I am trying to load the 8m[rows] * 1k[columns] python dataframe into Mongo. For the performance improvement I have planned to use Mongo bulk operation.There will be update also I have to do in the collections on daily basis so that I used the upsert method of bulk operation. Below is the code which I have prepared,
def BulkLoad(self, Dataset):
counter = 0;
empty = '000'
columns = []
records = []
DataDict = {}
for col in Dataset.columns:
columns.append(col)
try:
db = self.getDatabase()
bulk = db.collection.initialize_ordered_bulk_op()
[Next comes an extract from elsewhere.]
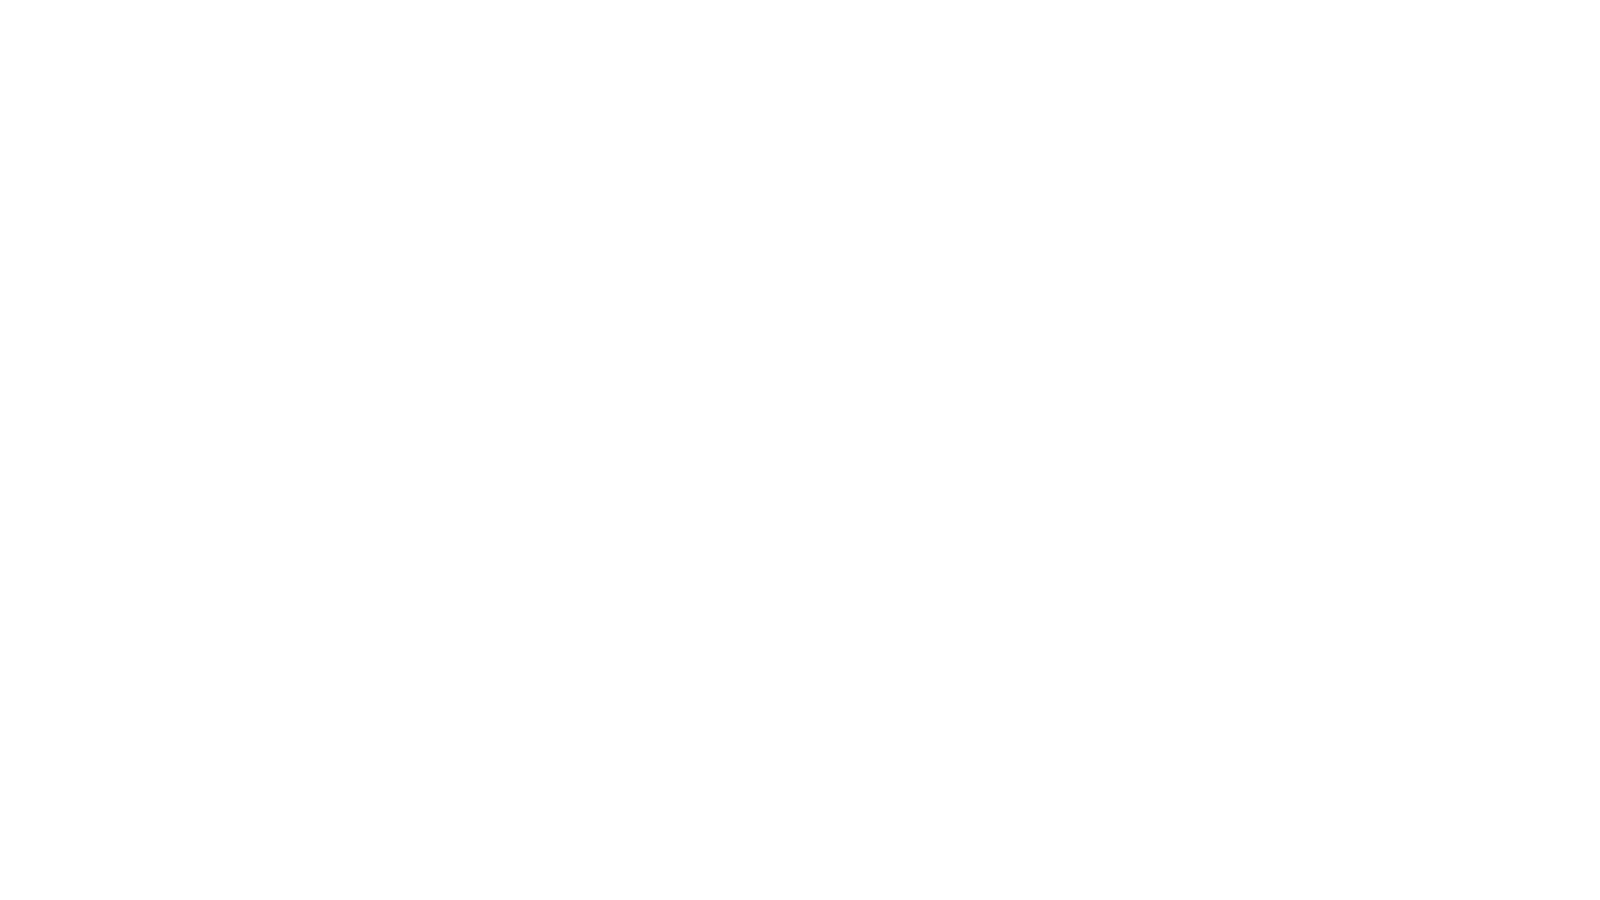 Небольшой ролик о встрече Нового 2021 года в лесах Владимирской области. Подробнее: https://cityescape.ru/novyj-god-v-lesu/ Автор ролика: https://vk.com/tigr_xp

for j in range(len(Dataset)):
records.clear()
DataDict.clear()
DataDict.update(
{'CreatedBy': empty, 'ModifiedBy': empty, 'Value': Score})
for column in columns:
colValue = str(Dataset[column][j])
if (colValue == 'nan'):
colValue = colValue.replace('nan', '')
DataDict.update({column: colValue})
records.append(DataDict)
print("list is ",records)
Id = DataDict['Id']
Number = DataDict['Number']
print(DataDict)
bulk.find(
{'Id': Id, 'Number': Number}).upsert().update(
{
'$set': {'Id': Id, 'Number': Number,'Events':records}
})
counter += 1
if counter % 1000 == 0:
result = bulk.execute()
logging.info(pprint(result))
bulk = db.coll.initialize_ordered_bulk_op()
if counter % 1000 != 0:
result = bulk.execute()
logging.info(pprint(result))
except Exception as e:
logging.exception(e)
except BulkWriteError as bre:
logging.error(pprint(bre.details))
If I am loading the sample rows of 10 into Mongo collections, All the documents are having the same value of 10th row. I knew its because of python dictionary reference problem .
Can you please anyone give me suggestion on that ?